▸ Work request
A verbatim transcript of the data below is required, images omitted.
╭─ Data
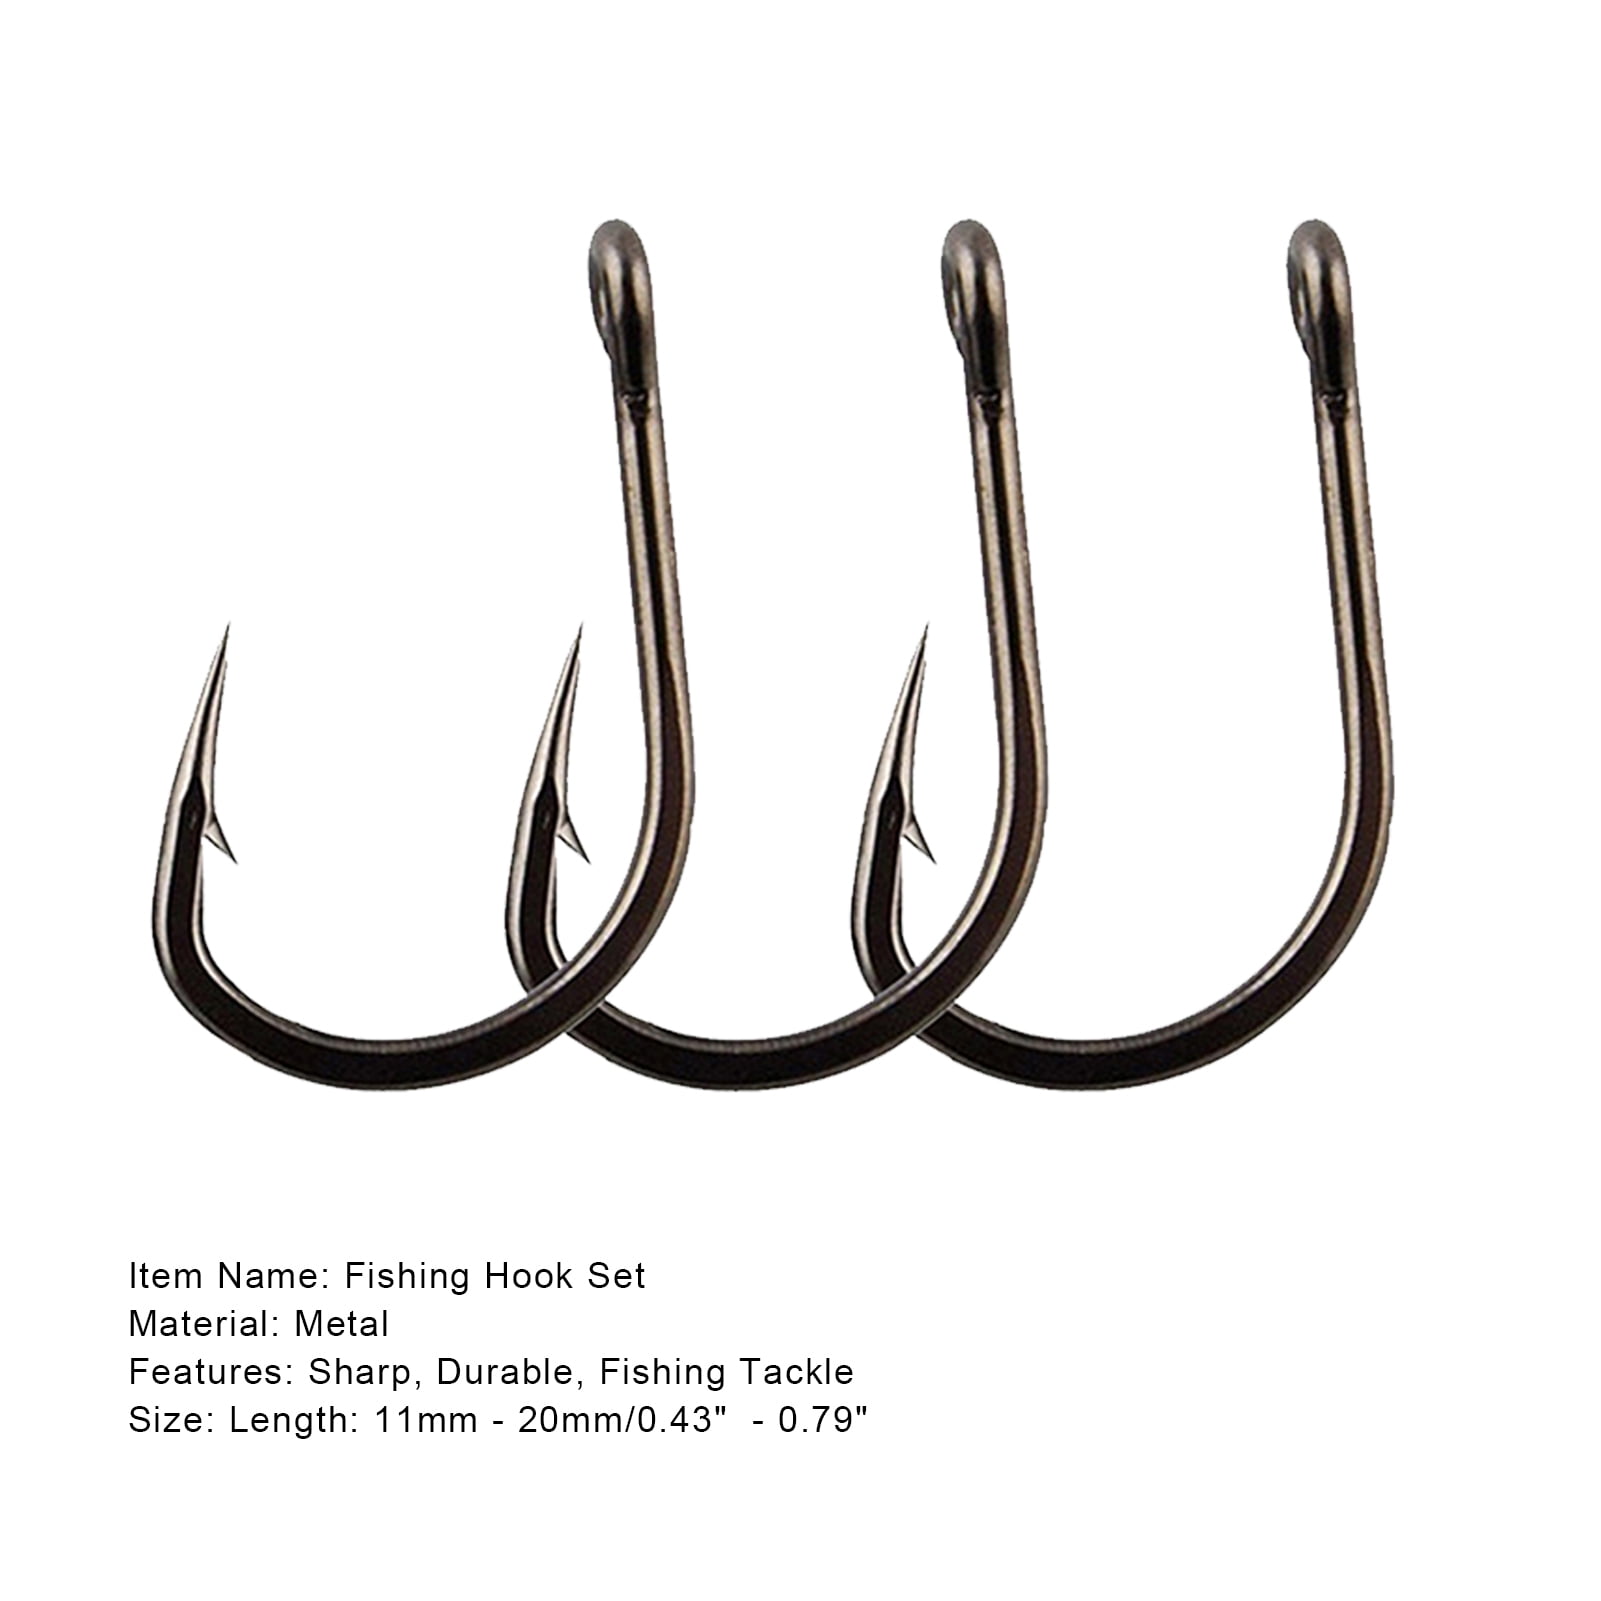  Minotaur Hooks Ultimate Fishing Hooks - Carbon Steel
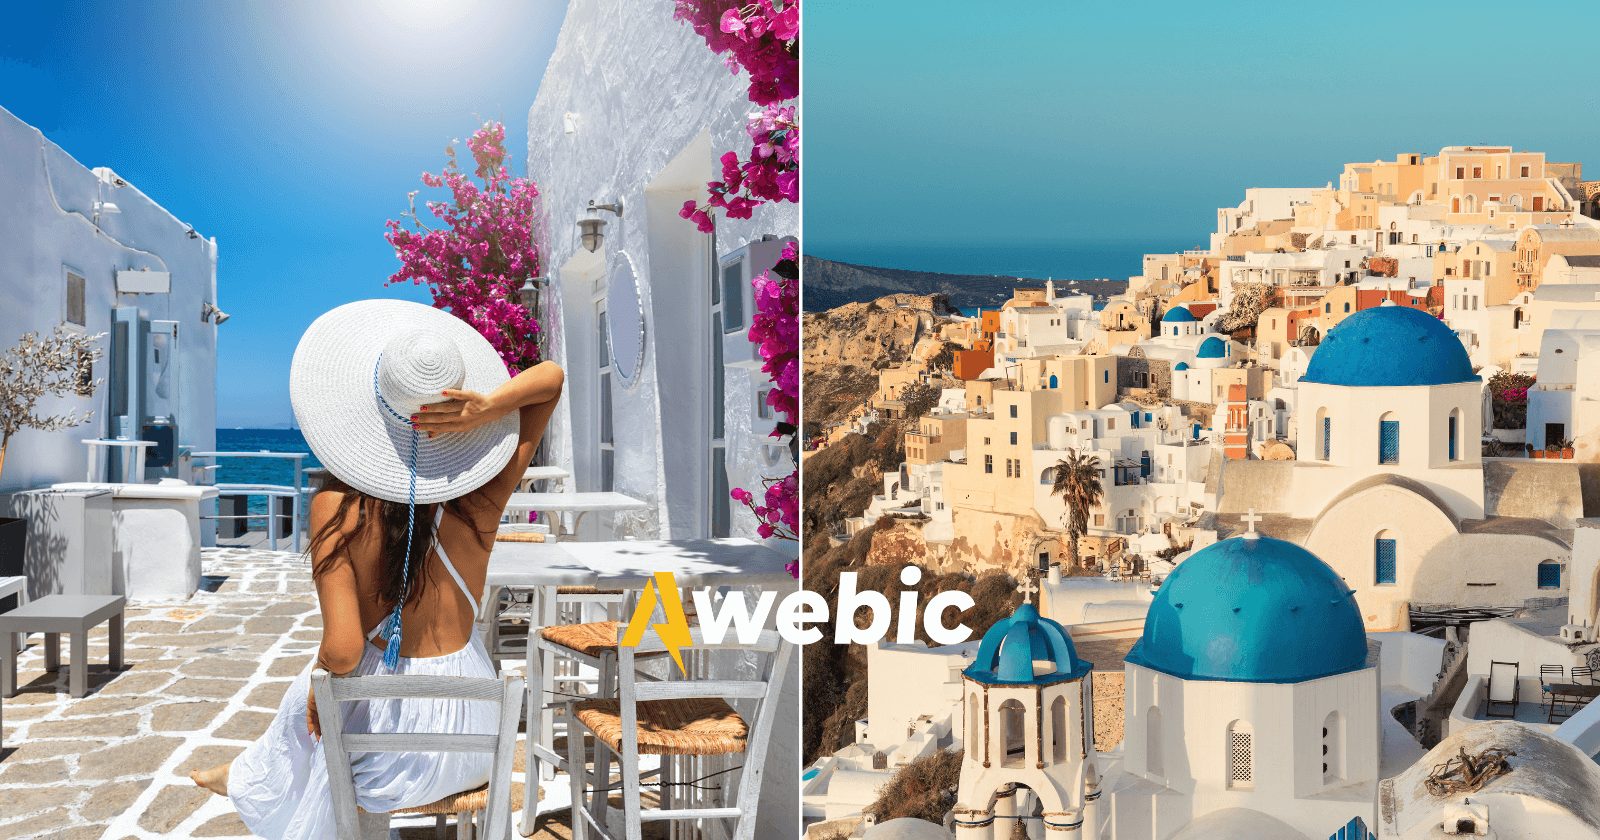 Programe sua viagem para a Grécia: como ir e quanto custará
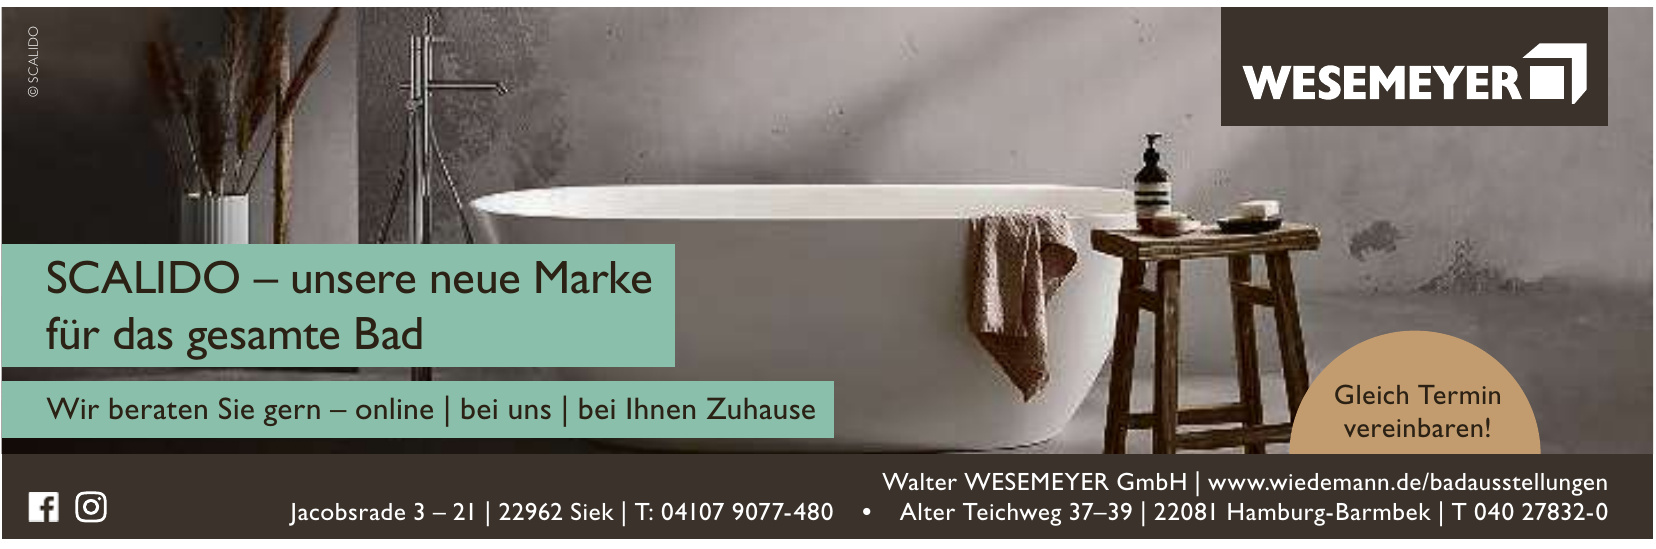 Walter Wesemeyer GmbH
╰─
▸ Response area
  Minotaur Hooks Ultimate Fishing Hooks - Carbon Steel
 Programe sua viagem para a Grécia: como ir e quanto custará
 Walter Wesemeyer GmbH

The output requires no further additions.